はじめに-「方広寺鐘銘事件」とはどんな事件だったのか
「方広寺鐘銘(ほうこうじしょうめい)事件」とは、豊臣秀頼が京都の方広寺大仏殿を再建したことで引き起こされた事件です。大坂冬の陣の起こるきっかけのひとつとなり、その意味において、豊臣家滅亡の序章となる出来事でした。
目次
はじめにー「方広寺鐘銘事件」とはどんな事件だったのか
「方広寺鐘銘事件」はなぜ起こったのか
関わった人物
「方広寺鐘銘事件」の内容と結果
その後
まとめ
「方広寺鐘銘事件」はなぜ起こったのか
そもそも方広寺は、豊臣秀吉が大仏を安置するため、文禄4年(1595)に創建しました。しかし、大仏は慶長の大地震により倒壊。秀吉の遺志を継いだ秀頼が大仏の再建に着手しましたが、慶長7年(1602)、鋳造中の大仏から出火炎上し大仏殿までも焼失します。

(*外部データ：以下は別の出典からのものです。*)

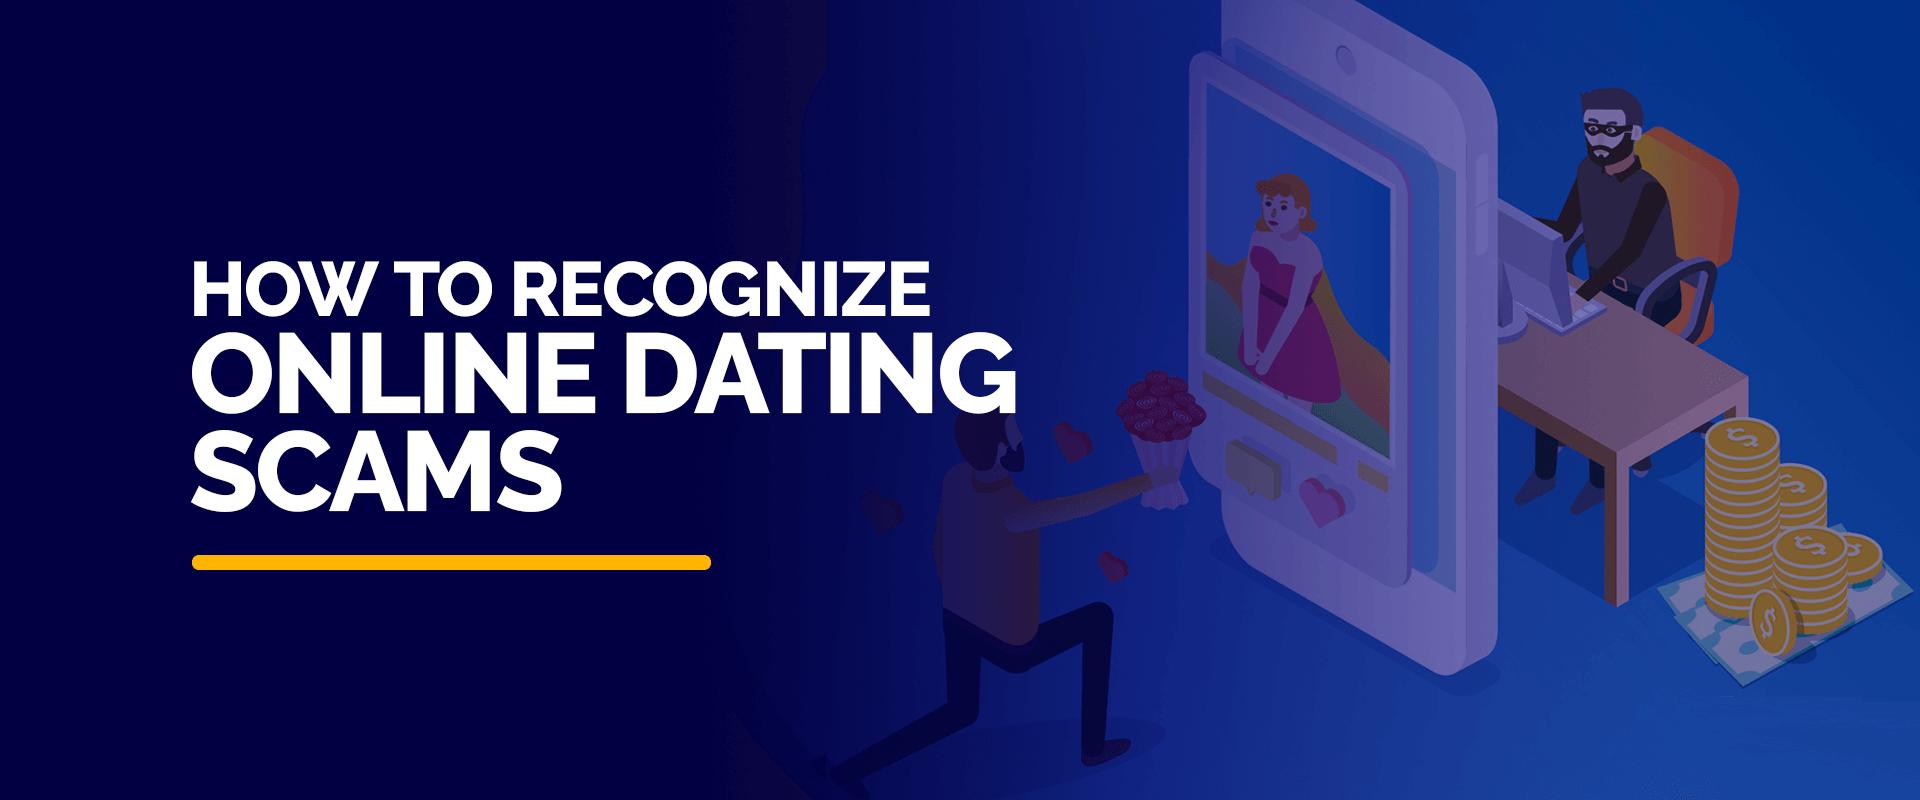 Internet dating fraud+stories

そして慶長12年(1607)、秀頼は豊臣家家臣の片桐且元(かたぎり・かつもと)を奉行として、再び大仏および大仏殿の建立を目指すことに。まず大仏が鋳造され、大仏殿が完成したのは慶長17年(1612)のこと。慶長19年(1614)4月には梵鐘も完成し、徳川家康の了承のもと、あとは8月3日の大仏開眼供養と大仏殿供養を待つばかり。しかし、7月に入ると徳川陣営からいくつかのクレームが入ります。
例えば、大仏殿再建工事のため徳川家が派遣した、大工頭の中井正清の名が棟札に記されていないことなど。なかでも、徳川家が問題視したのが鐘の銘文についてでした。ここに「方広寺鐘銘事件」が幕を開けます。
関わった人物
ここでは、方広寺鐘銘事件に関わった人物をご紹介します。
豊臣秀頼
父・秀吉の悲願であった京の大仏を再建する。
片桐且元
方広寺大仏殿再建の作事奉行。徳川家と豊臣家の間を取り持たんと奮闘する。
清韓
梵鐘の銘文を記した南禅寺の長老。
徳川家康
梵鐘の銘文をおおいに問題視。大仏殿落慶法要の延期を申しつける。
林羅山
朱子学者。鐘銘について、家康への呪詛の意図ありと豊臣家を糾弾。
金地院崇伝
南禅寺の僧にして、家康の懐刀。豊臣方の取り調べを担当する。